Her three-inch cork-soled wedges were meant more for show than for practicality. “We live and die by fashion in this business, Doc. I can’t wear just anything. It’s all about the package.”
He held out his hand. “Sit down before you break a leg. Your talent is what makes the movie. Why should they care what you wear when you’re not working?”
“I play a role on this side of the camera as much as I do during shooting.” She knelt beside him. “It’s not the same, of course. I play myself, but it’s a jacked-up version of me. Glam clothes, perfect hair, pricey accessories. When I’m the movie star, everyone wins. My films get more buzz, the tabloids snap pictures, and my fans get to believe that my life is perfect.”

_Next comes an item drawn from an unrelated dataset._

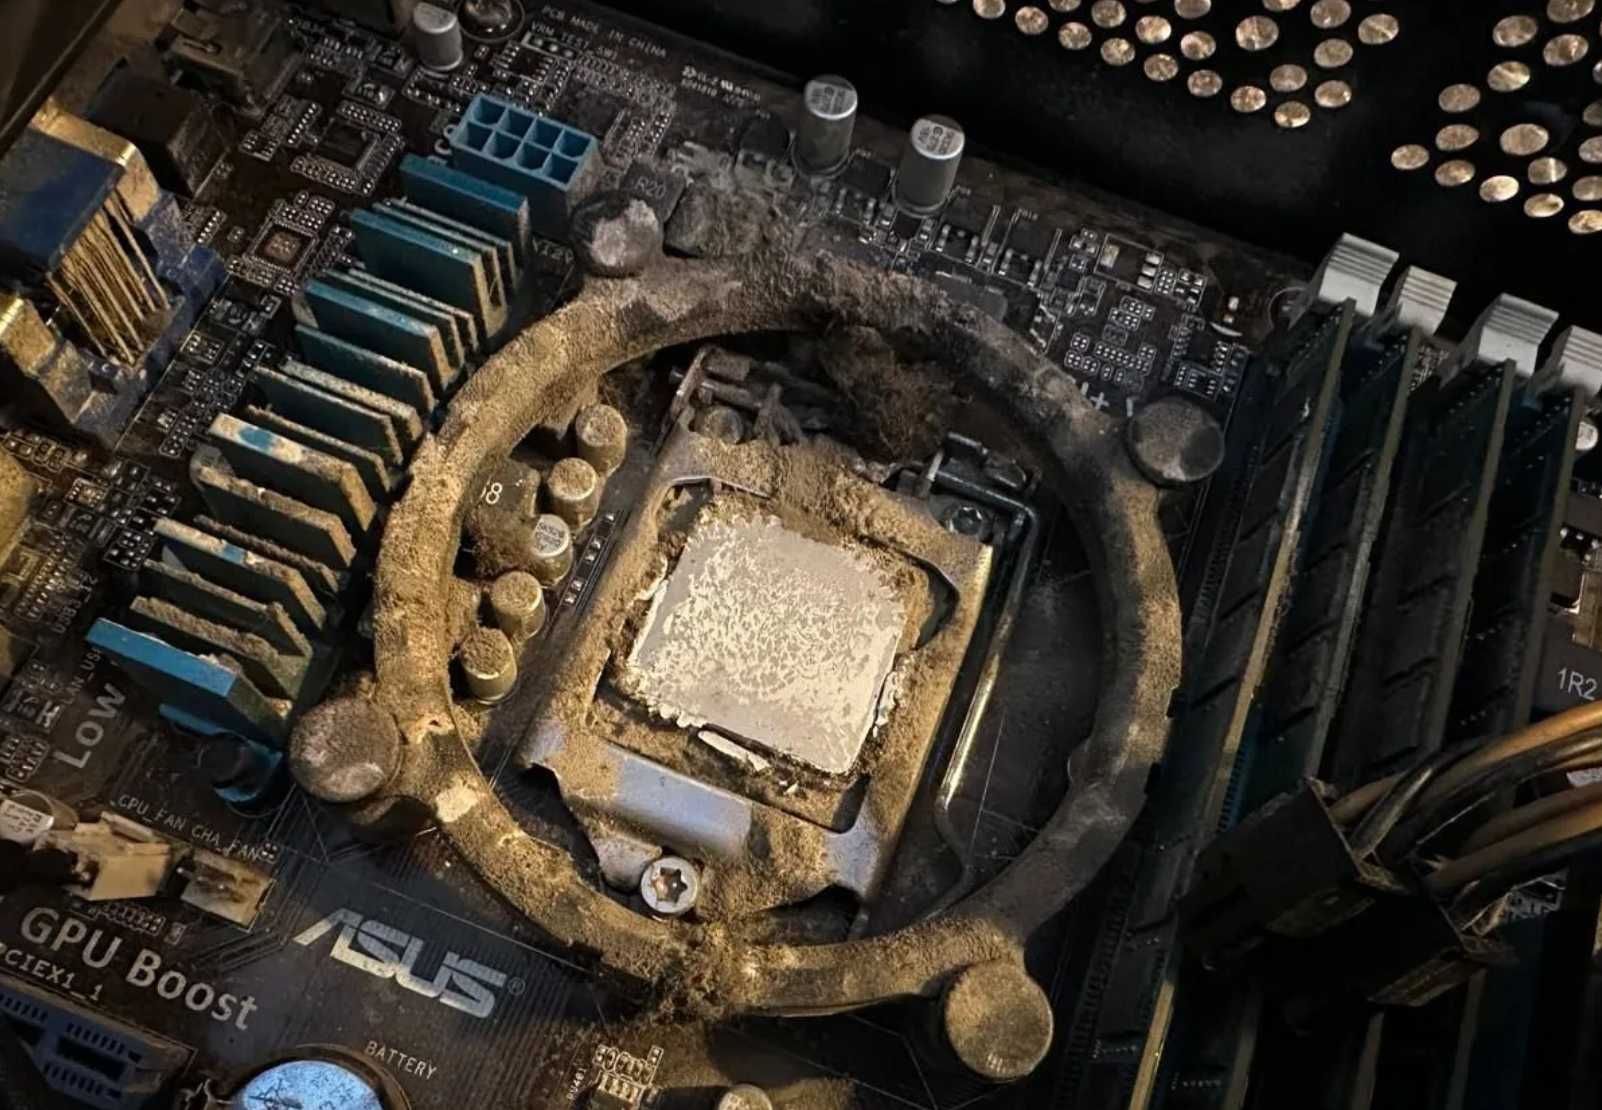 Мастер по ремонту компьютеров чистка ноутбуков. Установка Windows и ПО

He registered her sarcasm, but the sympathy she saw in his steady gaze made her squirm. “Sounds like a lot of work for nothing. But you’re looking better,” he said, grabbing a few large shells to pin down the corners of their towels. “I think you’ve gained a few pounds. Have you taken the medicine every day?”
She nodded, whipping her cover-up over her head and stretching out on her back with a sigh of contentment. “Everything the doctor ordered,” she murmured. Eyes closed, she tried to ignore the big, warm male body stretched out next to hers.
She had used the term sunbathing loosely. Rarely did she court the full sun. Too many older actresses she met had skin like leather, not to mention the health risks of UV exposure. So she and Jacob were tucked away in a patch of shade beneath a trio of palm trees.